In this case, the speed controller 2 operates in the limiting mode, while its output voltage is determined by the output voltage of the limiting unit 3. Since the level of limiting the output voltage of the speed controller 2 increases, and its output voltage determines the amount of current in the armature circuit of the motor, the current of the armature circuit will also increase. The rate of increase of the current in this mode will be determined by the parameters of the inertial link 11.

When the output voltage of the speed regulator 2 will determine the rolling current, taking into account the rear for the tension cage, the speed regulator 2 leaves the limiting mode. In this case, the speed control system starts working again in speed control mode.
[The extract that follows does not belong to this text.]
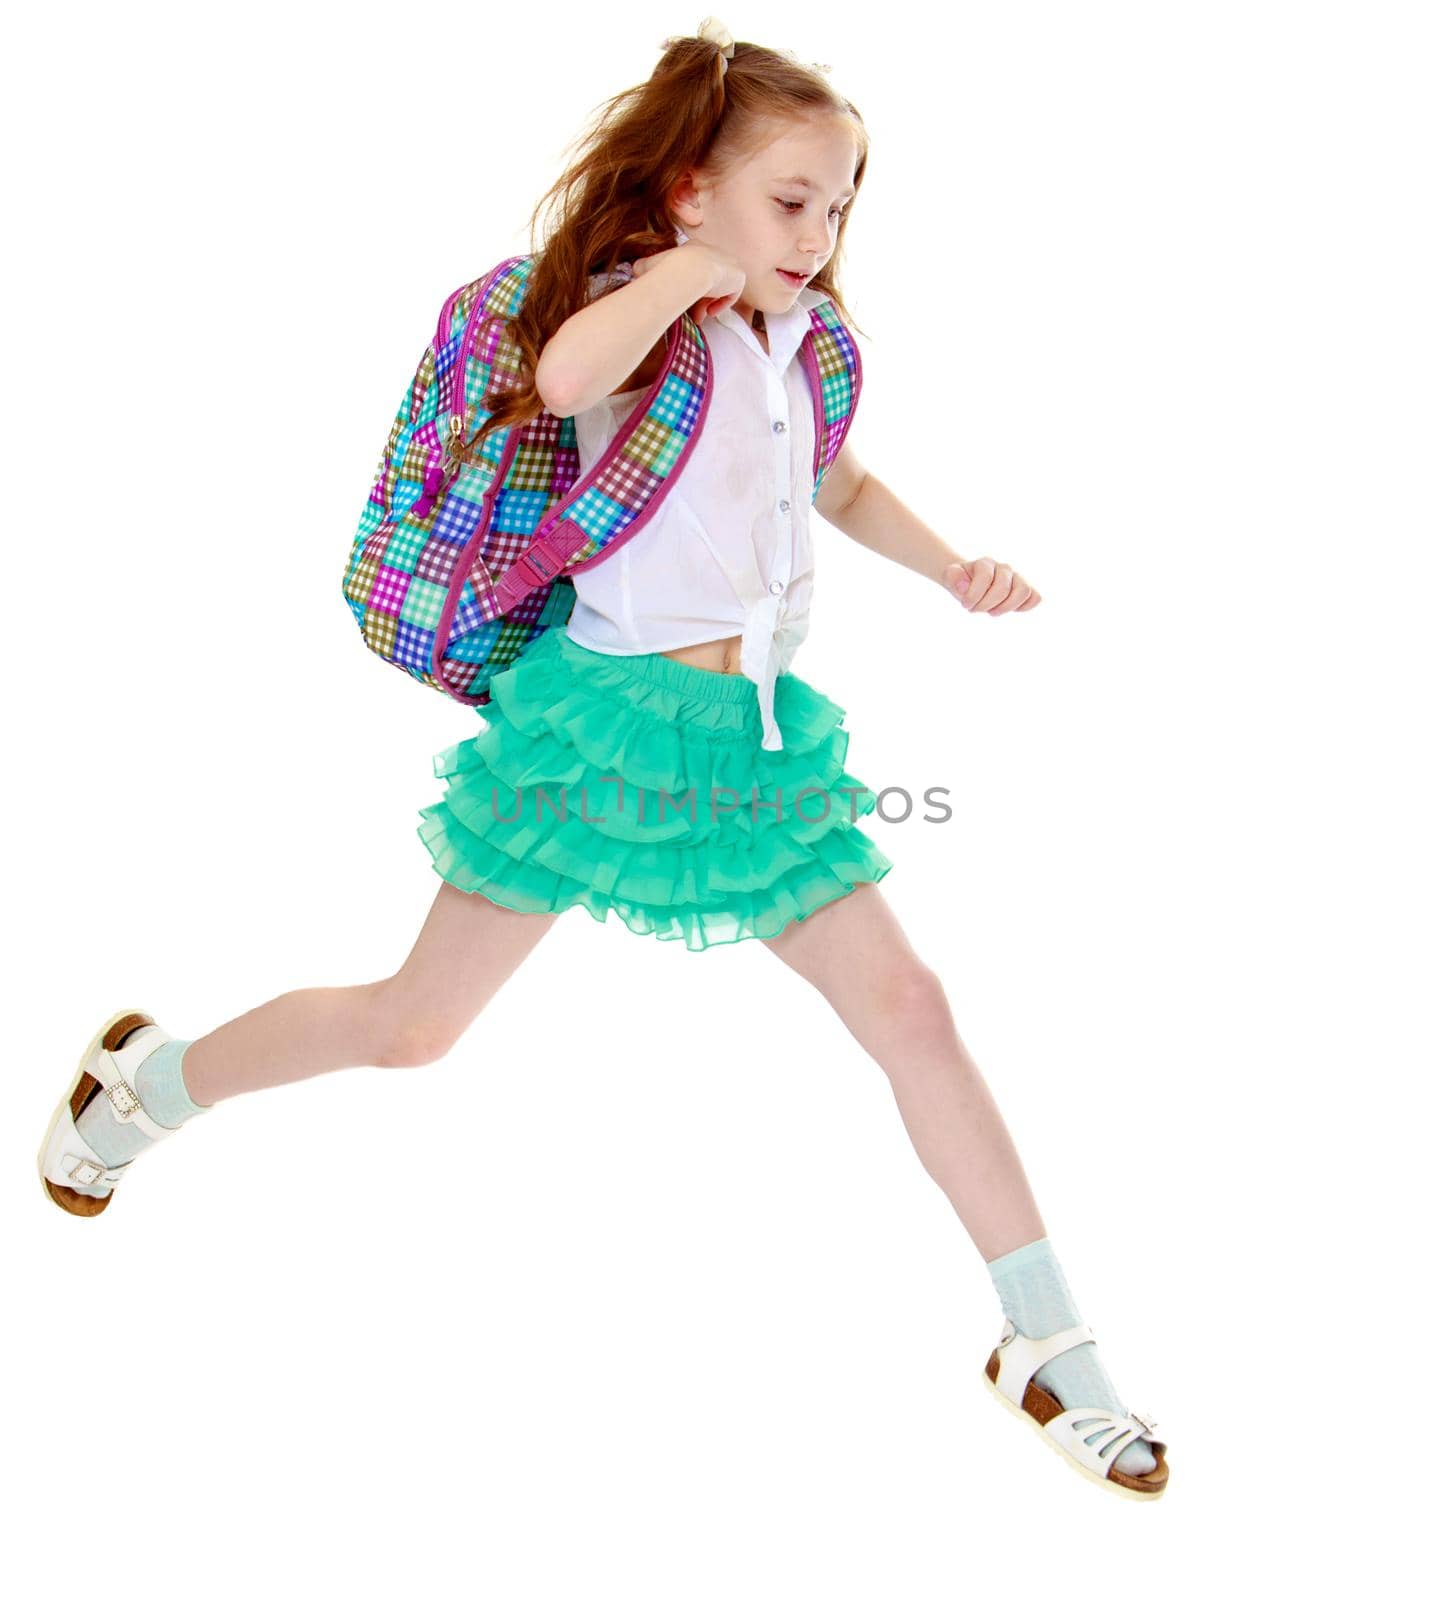 Schoolgirl jumping with a briefcase by kolesnikov_studio

The output voltage of the voltage-limiting unit 3 continues to increase to a level determined by the value of the second reference voltage (for example, to a level that determines the maximum allowable current of the motor armature circuit). In this case, the output voltage of the limiting unit 3 no longer determines the armature current of the motor.

When starting the mill with metal rolls, the device operates as follows.
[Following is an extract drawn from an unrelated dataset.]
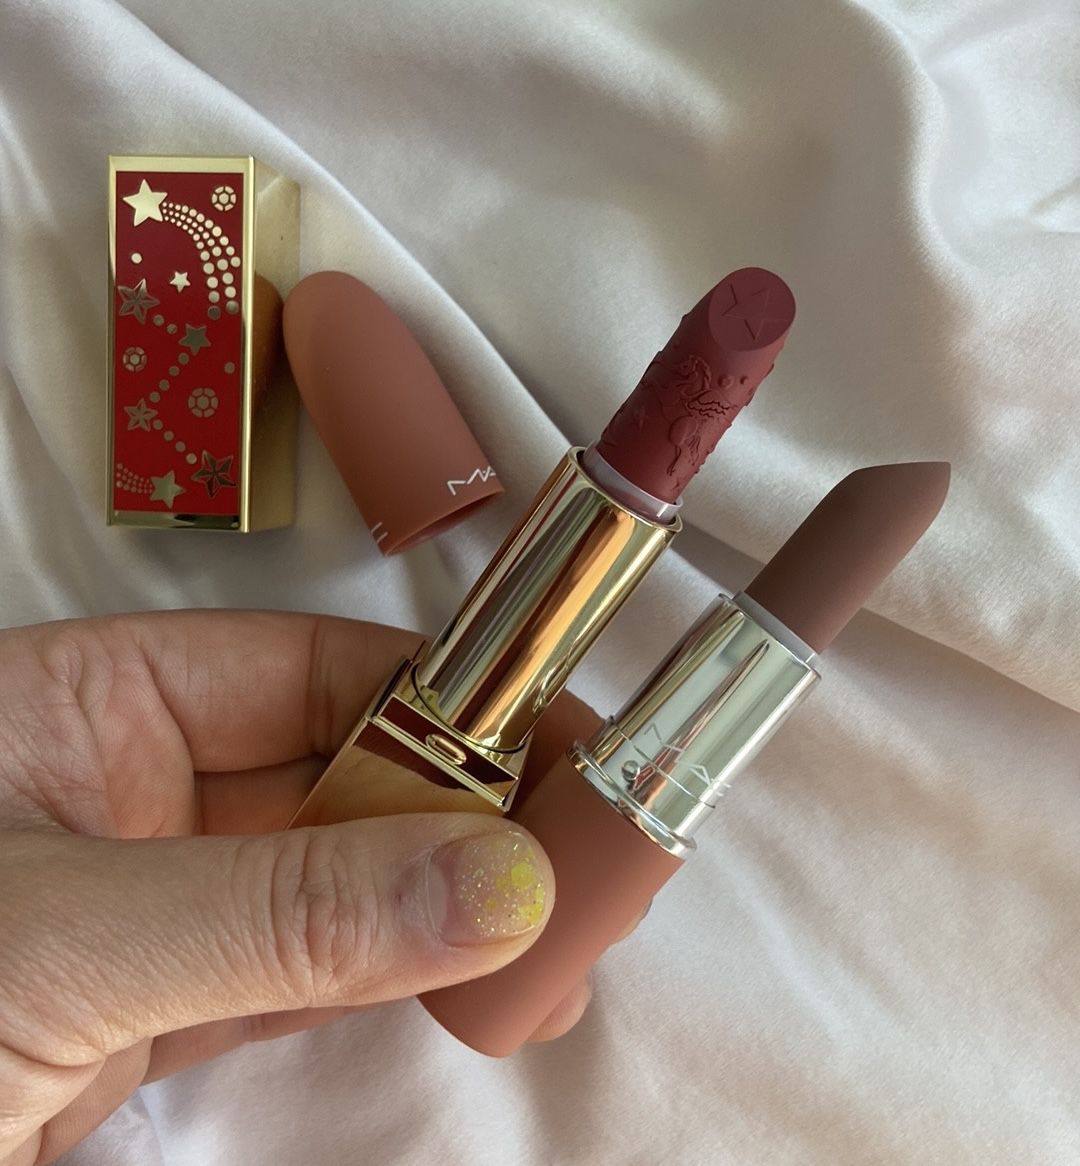 Estée Lauder & Mac lipstick bundle

Before starting, the motor armature current is missing, the key 10 is closed, the first reference voltage is applied to the input of the inertial link 11, and the difference between the second reference voltage and the output voltage of the inertial link 11 acts on the input of the adder 12. The output voltage of the adder 12 determines the level of the output voltage of the regulator 2 speed, as it is the input to block 3 restrictions. The output voltage of limiting unit 3 determines the level of armature current limit; in this case, the current limit level is small.

When starting the mill with metal in the rolls, the speed reference signal from the output of the speed setpoint 1 increases. The rate of change of current in the armature circuit in the initial period of the transition process is determined by the setting of the speed control system. When the output voltage of the speed regulator 2 reaches the value determined by block 3 of the limit, the speed regulator 2 will start to operate in the limiting mode, and the control system in the current limiting mode. In this case, the output voltage of the speed controller 2 will be determined by the output voltage of the limiting unit 3, and it will determine the motor armature current.

After the rolling current sensor 9 is activated, a voltage appears at its output, under the action of which the key 10 opens. From this point in time, the output voltage of the inertial link 11 decreases according to aperiodic law with a rate determined by the time constant of the link 11. The output voltage of the inertial link 11 is subtracted from the second the reference voltage at the input of the adder 12, therefore, the output voltage of the adder 12 increases, which leads to an increase in the level of limiting the output voltage of the regulator 2 speed . Since the speed controller 2 operates in the limiting mode, its output voltage is determined by the output voltage of the limiting unit 3, therefore, the armature current is determined by the output voltage of the limiting unit 3. This voltage increases with a rate depending on the parameters of the inertial link 11, therefore, the rate of current rise in this mode is determined by the parameters of the inertial link 11.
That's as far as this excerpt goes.